Jean: Quem é que disse que nós somos desviantes e anormais?
Cena de filme:
Ah, como estou horrorosa hoje. Meu deus!
Que horror!
Deve ser o fígado. Não é possível. Não é possível.
Bigode:
No cinema brasileiro, nas chanchadas, ou era o mordomo viado, ou Oscarito
fantasiado de mulher, ou até um travesti, que foi o primeiro travesti brasileiro
chamado Ivaná, fazia um número e tal, cantando ou dublando, não me lembro.
O Oscarito era uma pessoa muito bem quista. O Oscarito tava em todas as casas.
Estava em todas as discussões.

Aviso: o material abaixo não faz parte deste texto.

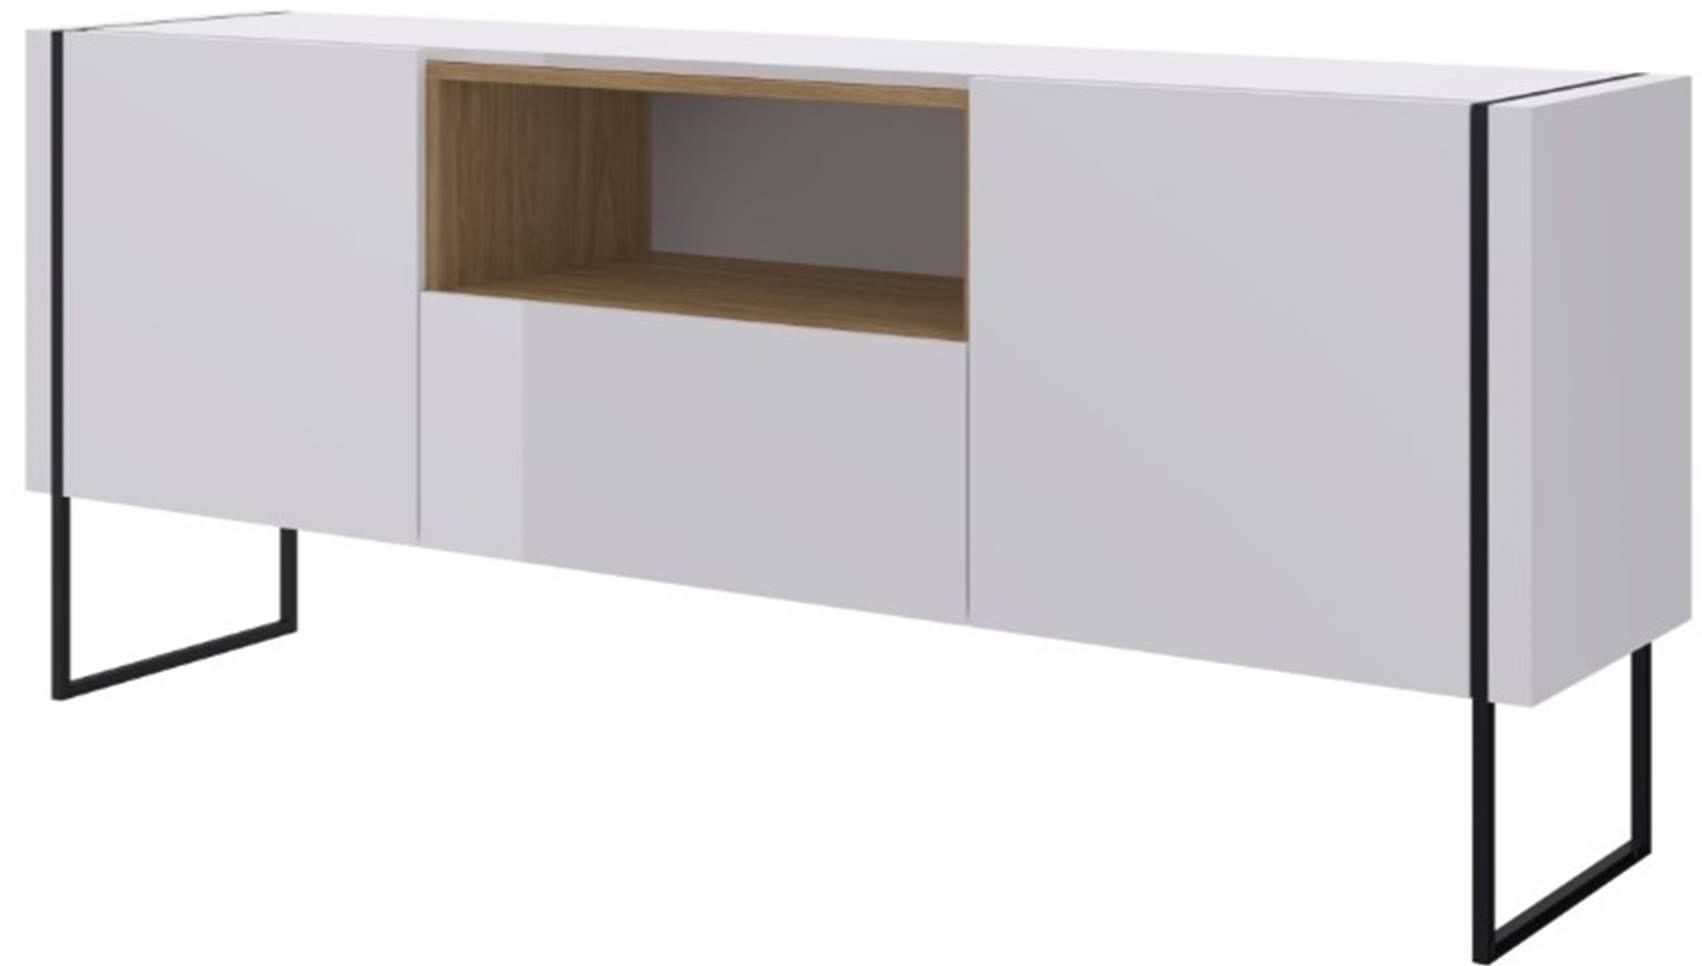 Buffet Radaelli Branco Estrutura Preta Acabamento Hanover 1470mm - 59165

Era o personagem mais popular do Brasil, sem
dúvida nenhuma. E ao mesmo tempo não era aquele homem vestido de mulher
que você via no baile de carnaval, nos blocos de carnaval. Mas também não era o
faxineiro da vizinha, que se vestia de mulher, que levava porrada na rua. Era o
Oscarito travestido. Ai já tudo bem. Então foi uma forma, num certo sentido
inconsciente, com certeza, de permitir que esse travestimento chegasse nas casas
das famílias, chegasse na sociedade.
Anselmo:
Se você for fazer uma pesquisa dos filmes brasileiros, a maioria dos personagens
homossexuais, eles tão no âmbito do cômico. Quer dizer, é a utilização da
homossexualidade como efeito disconcertante, e com a função da comédia, que é
nobre.
Bigode:
Porque esse desejo só aparece maquiado ou travestido. Eu queria ver esse desejo
genuinamente representado como o meu desejo era.
Cena de Navalha na Carne:
- Eu estou mandando fumar.
- Você não é meu homem. Não me manda nada.
- Chupa essa fumaça.
- Nem por bem, nem por mal.
- Eu te bato hein?
- Bate! Bate!
- Eu te mato...
Moreno:
Navalha na Carne tem um texto bem forte, bem redondo. E ele pega três
personagens da marginália.
Anselmo:
O Emiliano Queiroz ele é um dos maiores atores do mundo, na minha opinião. E
ao fazer o Veludo ele compreende perfeitamente a coisa pequena do
personagem. A necessidade mais imediata daquele personagem de dimensão tão
enclausurada, naquele mundinho apertado.
Andrea:
Ao mesmo tempo em que o machão tem que controlar, tem que impor o falo a
prostituta, ele também tem que entender que tá acontecendo do lado dele ali um
cara que lida com o masculino de uma forma completamente diferente do dele.
Moreno:
No Matou a Família é um momento realmente de poesia do Bressane. É o
relacionamento daquelas duas meninas, aquela câmera voando sobre a cama, né?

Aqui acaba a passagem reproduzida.